Recently, a man named Anthony Dickerson violated his probation and received a punishment far worse than prison. Mr. Dickerson’s 2-year-old son needs a kidney transplant, and Mr. Dickerson is a perfect match. Yet because of the probation violation, he is being held in a county jail, unable to donate a kidney to his son. The local hospital says he has to wait months before they decide if he can donate.

How should health providers look at this situation? How can we advocate for patients affected (either directly or indirectly) by the criminal justice system? And at what point should we begin to consider broad-scale structural changes to the problems that plague us?

Searching for an Evidence-Based Treatment

As medical students, we are trained to identify evidence-based treatments for the problems our patients face, while considering the unique situation of each patient. Instability in housing, personal finances, or family life may lead to poor compliance. Genetic variations may change a patient’s responsiveness to medication. We are honored with the challenge of balancing individual needs with decades of biomedical research and centuries of adaptations in health care. So why don’t we take the same approach to public policy?

Incarceration is not an evidence-based treatment for delinquency, nor is it cost-effective. More than 75% of released prisoners are rearrested within five years (Durose et al., 2014), and the annual cost per inmate is over $33,000 (Mai & Subramanian, 2017). With over two million people in prison, why should taxpayers pay tens of billions of dollars every year for an intervention with such poor outcomes? In fact, research from the Vera Institute of Justice shows a “tipping point”, a prison population at which further incarceration actually increases the crime rate (Stemen, 2017). They attribute this to the disintegration of community and familial bonds caused by incarceration.

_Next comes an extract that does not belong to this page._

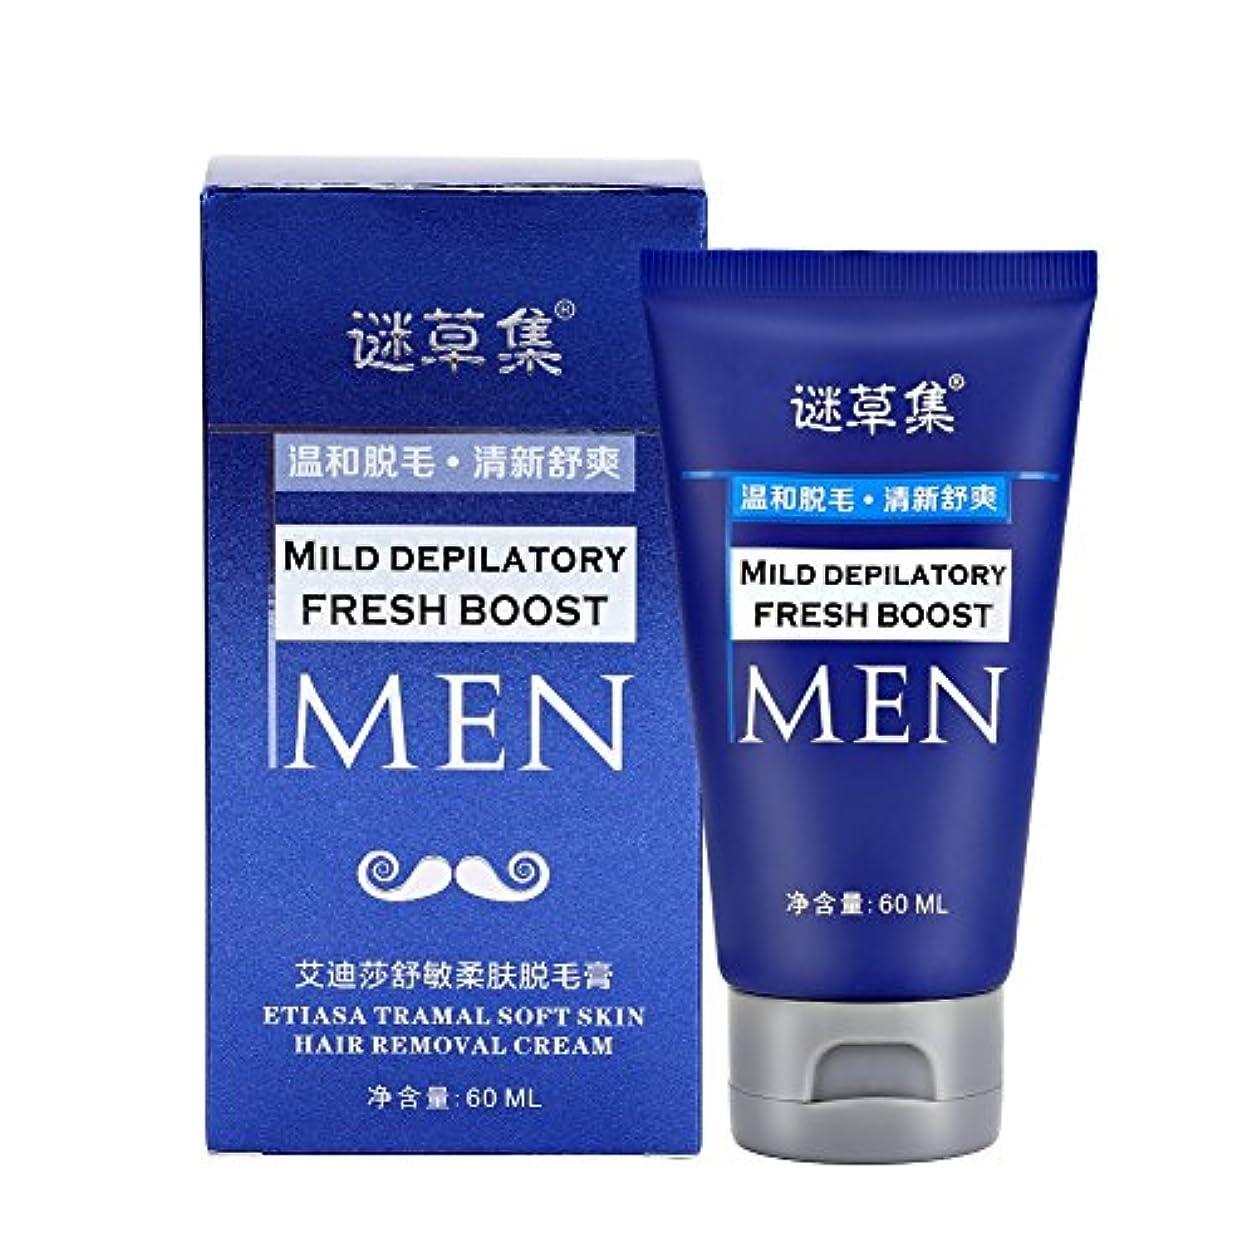 ヘルメット相談するヒゲ脱毛クリーム、60ML男性のボディ脱毛腕の脚の髪の痛みを除去する美容クリーム 脱毛クリーム

Yet we continue to imprison people at ever-increasing rates. We live in a punitive culture, where both sentencing and release seem arbitrary, where prison living conditions breed violence and disease, where prisoners are expected to suffer in recompense. For example, consider the case of Gladys Scott, a Black woman living in Mississippi who was sentenced to life in prison for stealing $11. She was released 16 years later when she offered to donate a kidney to her sister, at which point the parole board decided she was “no longer a threat to society” (Burkle, 2011). The punishment was unjust, and the release was arbitrary, rooted in unscientific ideas about repaying a ‘debt to society.’

That same punitive mindset tells patients that they deserve their heart disease or diabetes because of their lifestyle. However, in both medicine and criminal justice, punishment is not a treatment, and we need to look for treatments that work.

Prisons as a Public Health Issue

While many prison abolitionists are fundamentally opposed to the idea of caging human beings, there are other arguments that may be more approachable for those new to the idea. Particularly relevant to clinicians is the myriad of public health concerns related to incarceration. These include mental health, physical wellness, and infectious disease, as well as occupational hazards faced by working prisoners.

People with mental illness are sixteen times more likely to be victims of police brutality (Fuller, 2015) and are overrepresented within the prison system. In one study, half of evaluated prisoners had a mental illness (Al-Rousan et al., 2017). Unsurprisingly, spending time in prison may exacerbate mental health issues. This is especially a concern with solitary confinement, which the UN considers psychological torture. Prisoners who were held in solitary confinement are four times more likely than other prisoners to have PTSD (Hagan et al., 2017).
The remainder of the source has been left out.